Study of a Chinese pedigree carrying a novel variant of α-1, 3-N-acetyl galactosaminyl transferase gene.
10.3760/cma.j.cn511374-20200309-00146
- Author:
Wen WU
1
;
Xiaojian LI
;
Xingying GUO
;
Xiangyan HUANG
Author Information
1. Department of Transfusion Medicine, The 960th Hospital of the PLA Joint Logistics Support Force, Jinan, Shandong 250031, China. xiangyan73@aliyun.com.
- Publication Type:Journal Article
- MeSH:
ABO Blood-Group System/genetics*;
Alleles;
China;
Genotype;
Humans;
Male;
Mutation;
N-Acetylgalactosaminyltransferases/genetics*;
Pedigree
- From:
Chinese Journal of Medical Genetics
2021;38(2):178-180
- CountryChina
- Language:Chinese
-
Abstract:
OBJECTIVE:To explore the genetic basis for a Chinese pedigree with a novel ABO subtype.
METHODS:The proband and his family members were subjected to serological analysis, and their genotypes were determined by fluorescence PCR and direct sequencing of the coding regions of the ABO gene. Exons 6 to 7 of the ABO gene were also subjected to clone sequencing for haplotype analysis.

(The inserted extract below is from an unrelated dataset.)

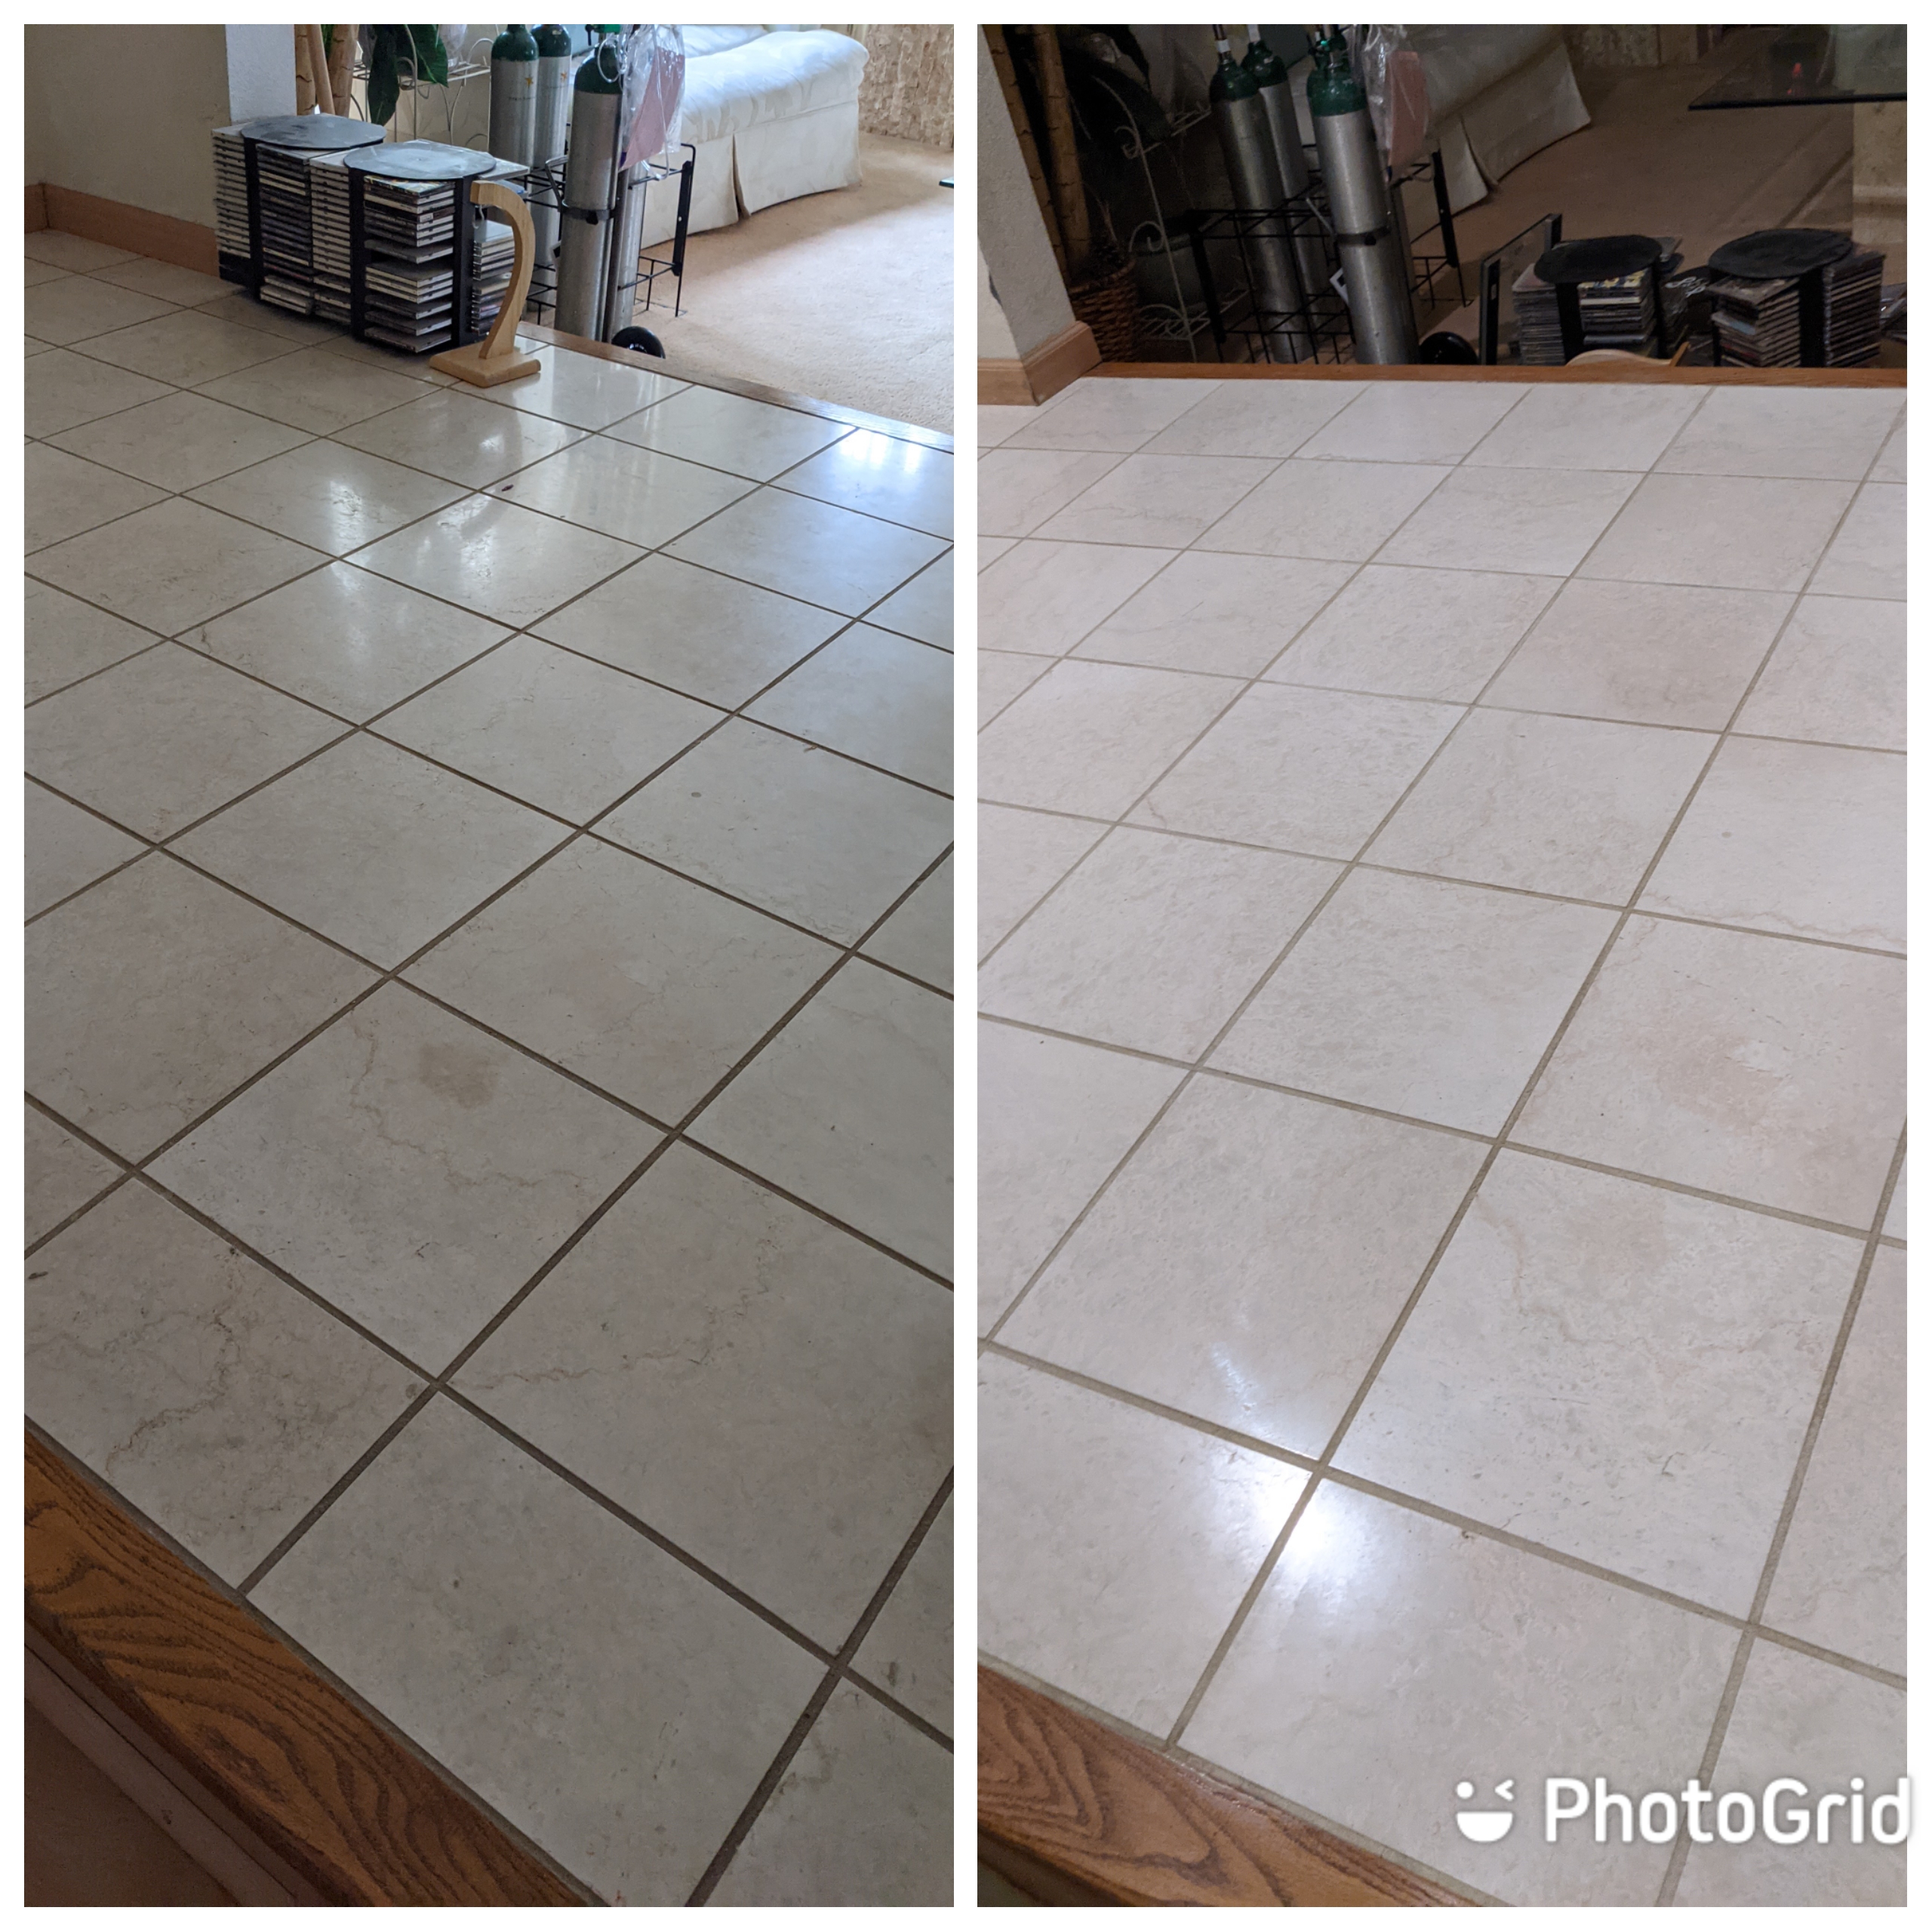 Natural stone polishing service nearby concord ca cleaned specialty - Restoration Cleaning: Your Carpet Restored Or Cleaned Right

RESULTS:The proband was determined as an AxB subtype. By fluorescence PCR, he was typed as A/B. Clone sequencing has revealed a insertional mutation c.797_798 insT in exon 7 of the ABO gene, which yielded a novel allele. Pedigree analysis confirmed that the novel ABO*A1.02 allele carried by the proband and his sister was inherited from their father. The c.797_798insT mutation has been submitted to GenBank with an accession number of MK125137.
CONCLUSION:The c.797_798insT mutation of exon 7 of the ABO gene probably has led to weakened expression of A antigen.